Companies are also making an effort to measure the non-financial factors that create value. Researchers have found, for example that people prefer to work for companies that demonstrated a high level of ethics and social responsibility, so these organizations can attract and retain high quality employees. Customers pay attention too. A study by Walker Research indicates that, price and quality being equal to two thirds of customers say they would switch brands to do business with a company that is ethical and socially responsible. Enlightened companies realize that integrity and trust are essential elements in sustaining successful and profitable business relationships with an increasingly connected web of employees, customers, suppliers and partner. Although doing the right thing might not always be profitable in the short run, it develops a level of trust that money cannot buy and that will ultimately benefit the company. Many companies are becoming more socially responsible because they believe it provides a competitive advantage.
Some organizations are taking social responsibility to the extreme, building whole companies that combine good business with good citizenship. Maria Otero is CEO of ACCON International a leader in the microfinance industry ACCION partners with existing banks to give tiny businesses in poor countries. For example, a Bolivian woman used a $100 loan to start a bread making business using the mud oven in her one room home. Six year later, she borrowed $2,800 to expand to five mud ovens and a backyard storefront or consider Mitch Tobol. Tobol runs a full service marketing agency in Port Washington, New York that serves client such as Weight Watchers International and Long island Savings Bank. However, he and a friend also started an organization called Sparks, serves 20 members taking them to sporting events dinners and the theater giving them opportunities to build strong social bonds and do the kind of things most have never had chance to do. Unlocking Creative solution through People box describes anther cutting edge organization that combines good business with good citizenship.

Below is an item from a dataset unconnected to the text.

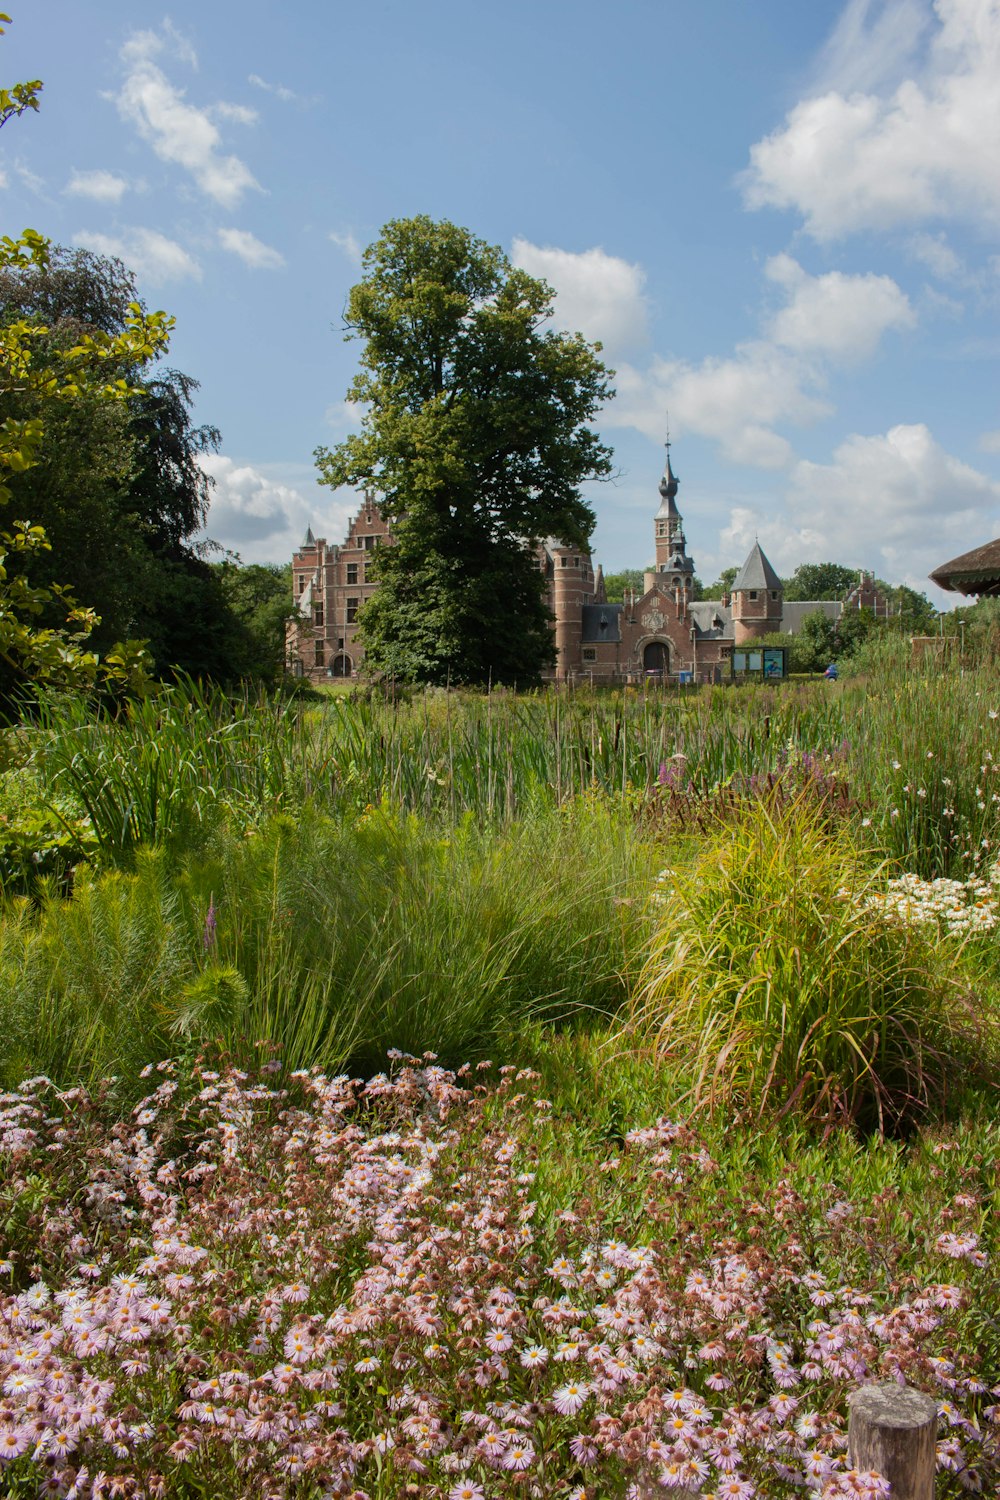 a field full of flowers and grass with a building in the background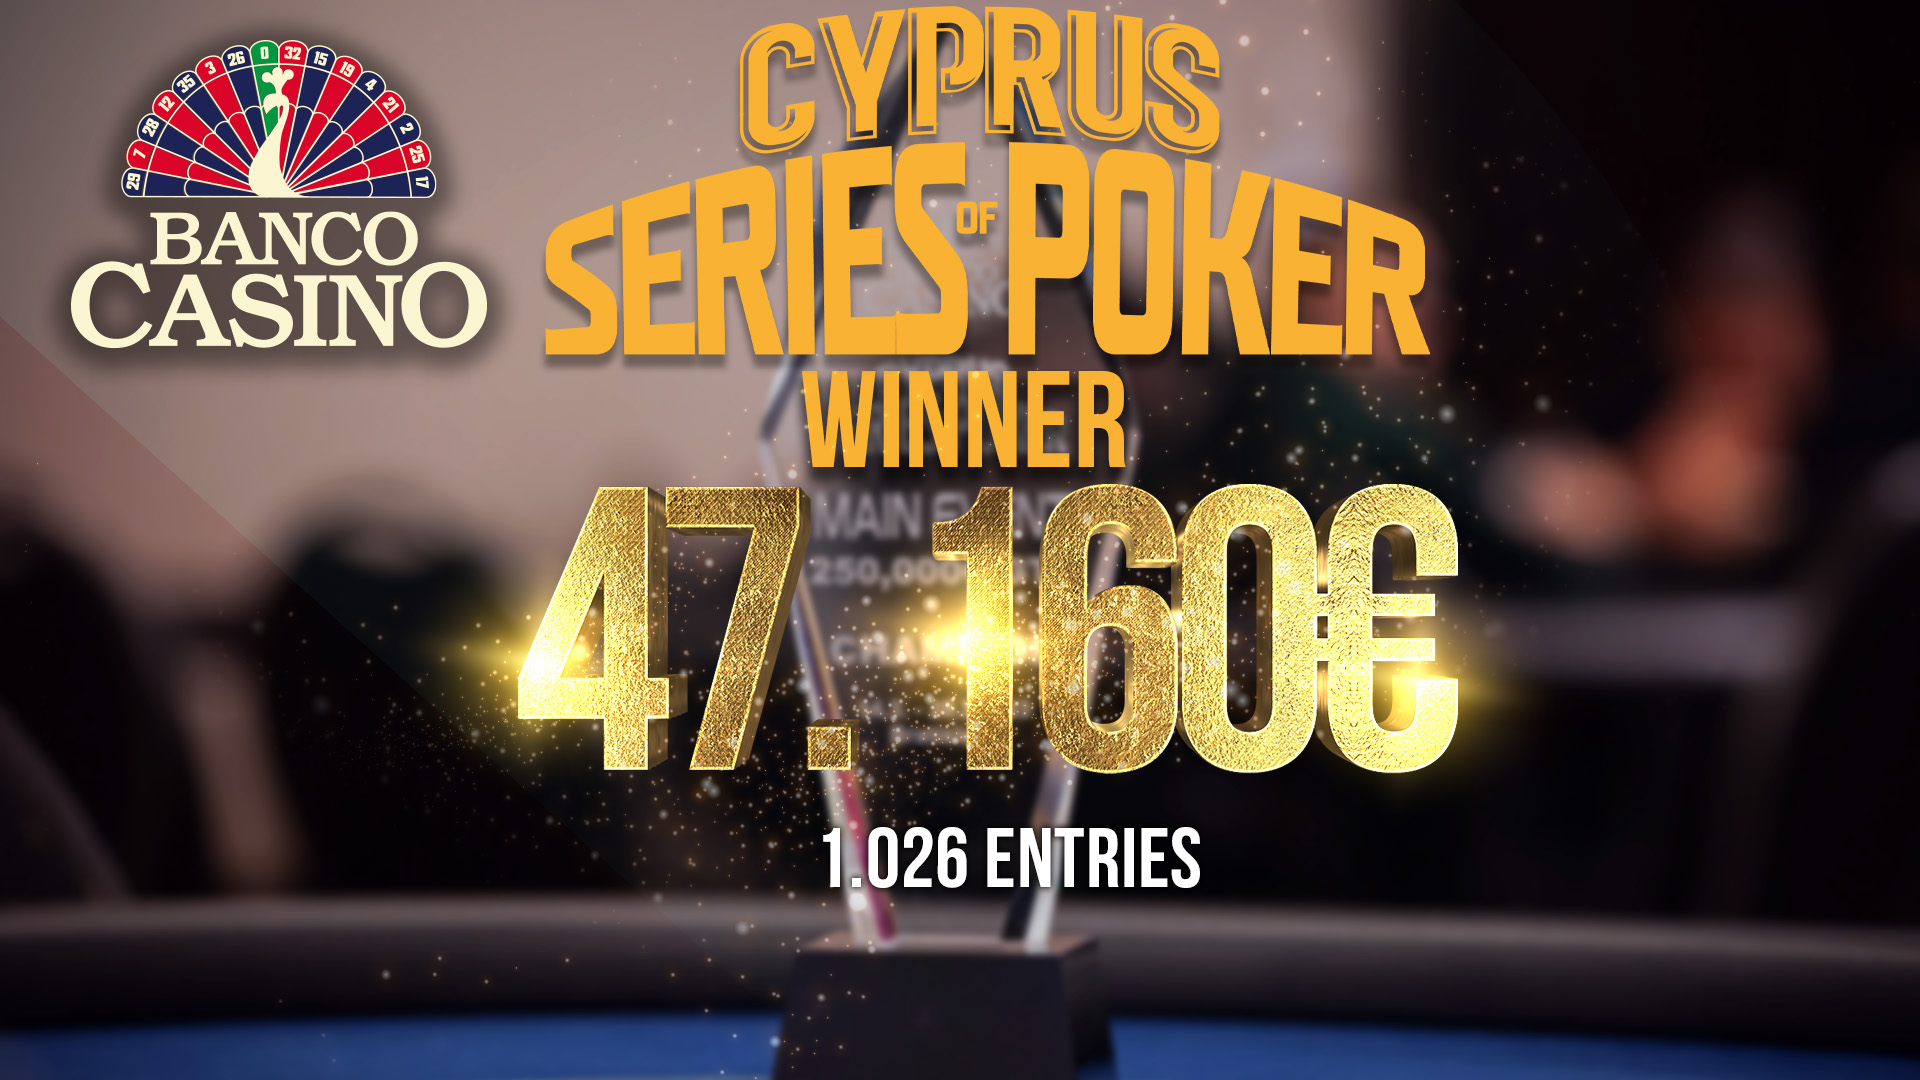 CSOP MAIN EVENT AT BANCO CASINO IS LOOKING FOR A CHAMPION THAT WILL TAKE 47,160€!

A new breed of entrepreneur has emerged – the social entrepreneur. Social entrepreneurs are leaders who are committed to both good business and changing the world for the better. Social entrepreneur have a primary goal of improving society rather than maximizing profits, but they also demand high performance standards and accountability for results. One writer referred to the breed as a cross between Richard Branson (high powered CEO of Virgin airlines) and Mother Teresa. Social entrepreneurship is not new, but the phenomenon has blossomed over the past 15 years or so, and the organizations being created defy the traditional boundaries between business and welfare. For example, David Green founder of Project Impact helped to start a factory in India that makes inexpensive plastic lenses used for cataract surgery. The factory provides lenses some at no cost for 200,000 poor Indians a year. It also makes money – 30 per cent profit margins in 2003 –and has captured 10 per cent of the global market for intraocular lenses. Green has expanded his approach to other parts of the world as well as the United States, and is adding hearing aids to the product mix. The organization created by social entrepreneurs may or may not name a profit. But the bottom line for these companies is always social betterment rather than economic return.
Not every organization wants to become this closely involved in solving the world’s social problems. However, companies that make an unwavering commitment to maintaining high standards of ethics and social responsibility will lead the way towards a brighter future for both business and society.